Adds an A8W8/BF16 checkpoint loader and decode-backend CLI options for Qwen3-14B, introduces L3-mode and A8W8-decode-loop execution paths with quantization-aware compilation and weight handling in the NPU executor, threads a pto_isa_commit parameter through the core executor, adds ContinuousTensor support to the worker, and adds a dependency-free Qwen byte-level BPE tokenizer fallback.

Changes

A8W8/L3 Decode Feature

Layer / File(s) Summary
A8W8 directory checkpoint loader
examples/model/qwen3_14b/runner/a8w8_loader.py
New _SafeTensorIndex shard reader, layout conversion helpers, and Qwen3A8W8DirectoryLoader that builds tokenizer/config/per-layer quantized and bf16 weights into a LoadedModel.
CLI options, model-loader wiring, and L2 profiling
examples/model/qwen3_14b/npu_generate.py
New --model-format, --decode-backend, --max-batch-size, --pto-isa-commit, --l3-mode, --a8w8-decode-loop flags; conditional Qwen3A8W8DirectoryLoader registration; QWEN_A8W8_BF16_KV env var; timed_run_l2 replaces prior L2 timing wrapper; RuntimeConfig dtype/batch updates.
Executor initialization and runtime patches
examples/model/qwen3_14b/runner/npu_executor.py
New imports/constants, TASK_ID fallback, _patch_orch_make_tensor_arg and _StackedLayerView, and extended __init__ with pto_isa_commit, l3_mode, a8w8_decode_loop.
Generation control flow for A8W8 loop and L3
examples/model/qwen3_14b/runner/npu_executor.py
New validate_generate_batch, prompt_allocation_length, try_generate_batch, run_generate_a8w8_decode_loop, run_generate_l3 selecting between decode-loop and L3 generation paths.
Quantization-aware L2/L3 compilation pipeline
examples/model/qwen3_14b/runner/npu_executor.py
_compile_model branches by quantization mode; A8W8-specific L2 callables; L3 artifact compilation/extraction with host orchestration patching; KV cache dtype override.
Mixed-precision weight stacking and release
examples/model/qwen3_14b/runner/npu_executor.py, tests/test_batching.py
Merged BF16/A8W8 decode weight stacking, per-projection scale tensor handling, weight-release cleanup, _model_quantization helper, and test update for decode_loop=None.
Core executor and worker support
python/core/pypto_executor.py, python/runtime/worker.py
pto_isa_commit threaded into RunConfig; WorkerTensor.to_continuous_tensor() added with ContinuousTensor compatibility import.

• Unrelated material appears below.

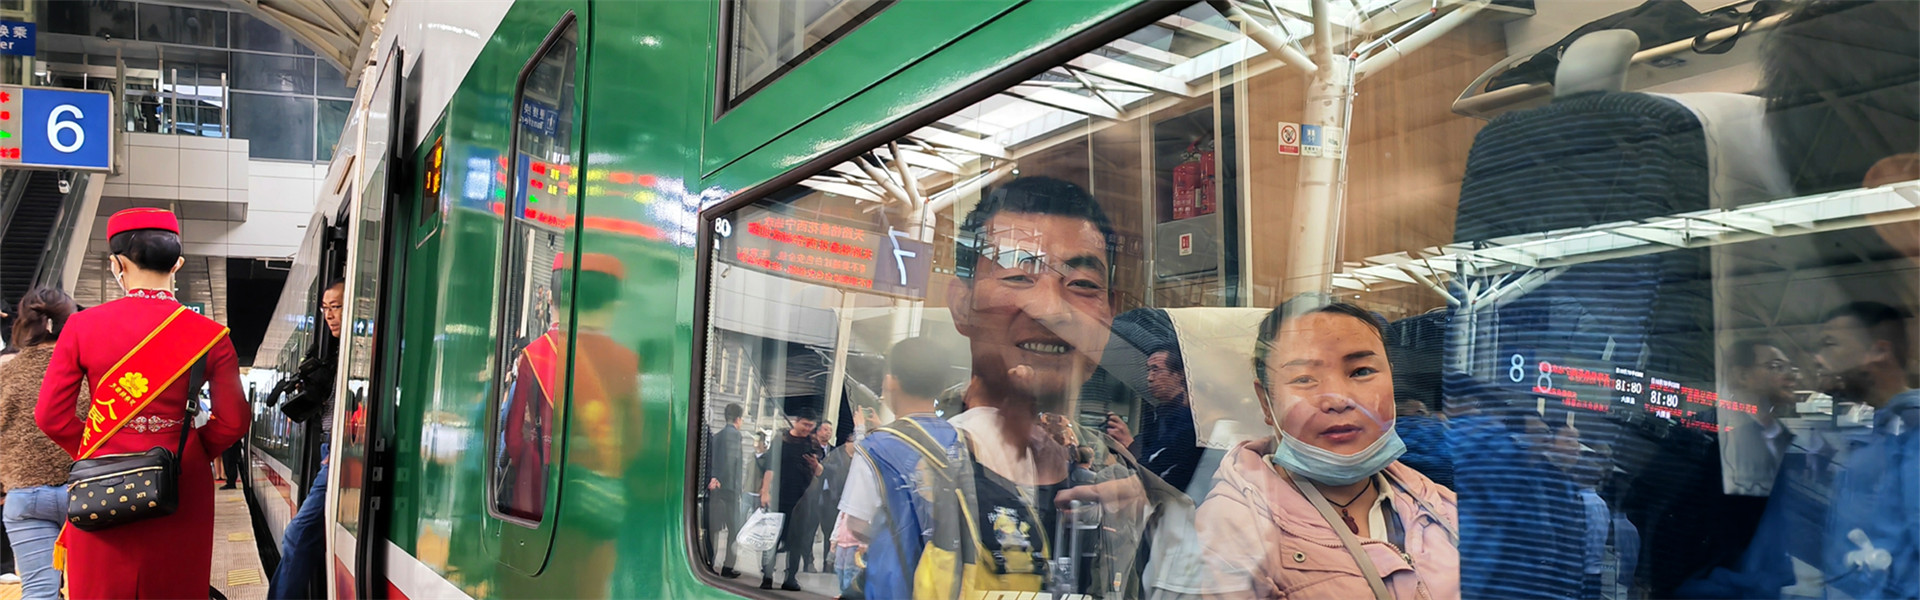 青藏铁路西格段通车40周年 累计发送旅客突破1.1亿人次

Dependency-free Qwen Tokenizer Fallback

Layer / File(s) Summary
Qwen byte-level BPE fallback tokenizer
python/core/tokenizer.py
Local vocab/merges detection in from_pretrained, byte/unicode and text-splitting helpers, and _QwenByteBpeTokenizer with encode/decode.

Sequence Diagram(s)

sequenceDiagram
  participant Engine
  participant Executor as Qwen314BPyptoExecutor
  participant A8W8Loop as run_generate_a8w8_decode_loop
  participant L3 as run_generate_l3

  Engine->>Executor: try_generate_batch(record, requests, prefill_batch, config)
  Executor->>Executor: validate_generate_batch / prompt_allocation_length
  alt a8w8_decode_loop enabled
    Executor->>A8W8Loop: run_generate_a8w8_decode_loop(...)
  else l3_mode enabled
    Executor->>L3: run_generate_l3(...)
  end
  Executor-->>Engine: GenerateResult(finish_reason)
Loading
sequenceDiagram
  participant main as npu_generate.main
  participant Loader as Qwen3A8W8DirectoryLoader
  participant Index as _SafeTensorIndex
  participant Runtime as RuntimeModel

  main->>Loader: load(request)
  Loader->>Loader: read config.json, build tokenizer
  Loader->>Index: scan model-*.safetensors shards
  Index-->>Loader: tensor offsets/dtype/shape
  Loader->>Index: load(key) per tensor
  Loader->>Loader: convert layouts (int8 kernel, bf16 dequant)
  Loader->>Runtime: populate embeddings/norm/head/layers
  Loader-->>main: LoadedModel
Loading

Estimated code review effort

🎯 4 (Complex) | ⏱️ ~75 minutes

Possibly related PRs

  • hw-native-sys/pypto-serving#14: Prior changes to the same npu_generate.py profiling/timed L2 wrapper and callable naming that this PR further modifies.
  • hw-native-sys/pypto-serving#17: Earlier kernel timing/profiling instrumentation in the same executor path that the new timed_run_l2 wrapper builds upon.
  • hw-native-sys/pypto-serving#29: Earlier L2-to-L3 dispatch switch in the same npu_executor.py that this PR extends with l3_mode, a8w8_decode_loop, and quantization-aware compilation.

Poem

A rabbit hopped through bytes and scale,
Found A8W8 weights without fail,
BPE tokens split so neat,
L3 orchestration, quite a feat,
Thump-thump — the decode loop runs fast,
New tensors continuous at last! 🐰✨

🚥 Pre-merge checks | ✅ 4 | ❌ 1

❌ Failed checks (1 warning)

Check name Status Explanation Resolution
Docstring Coverage ⚠️ Warning Docstring coverage is 50.77% which is insufficient. The required threshold is 80.00%. Write docstrings for the functions missing them to satisfy the coverage threshold.
✅ Passed checks (4 passed)
Check name Status Explanation
Title check ✅ Passed The title clearly summarizes the main change: adding a native Qwen3 14B A8W8 serving path.
Linked Issues check ✅ Passed Check skipped because no linked issues were found for this pull request.
Out of Scope Changes check ✅ Passed Check skipped because no linked issues were found for this pull request.
Description check ✅ Passed The description accurately matches the Qwen3 A8W8 serving, loader, tokenizer fallback, and runner changes in the patch.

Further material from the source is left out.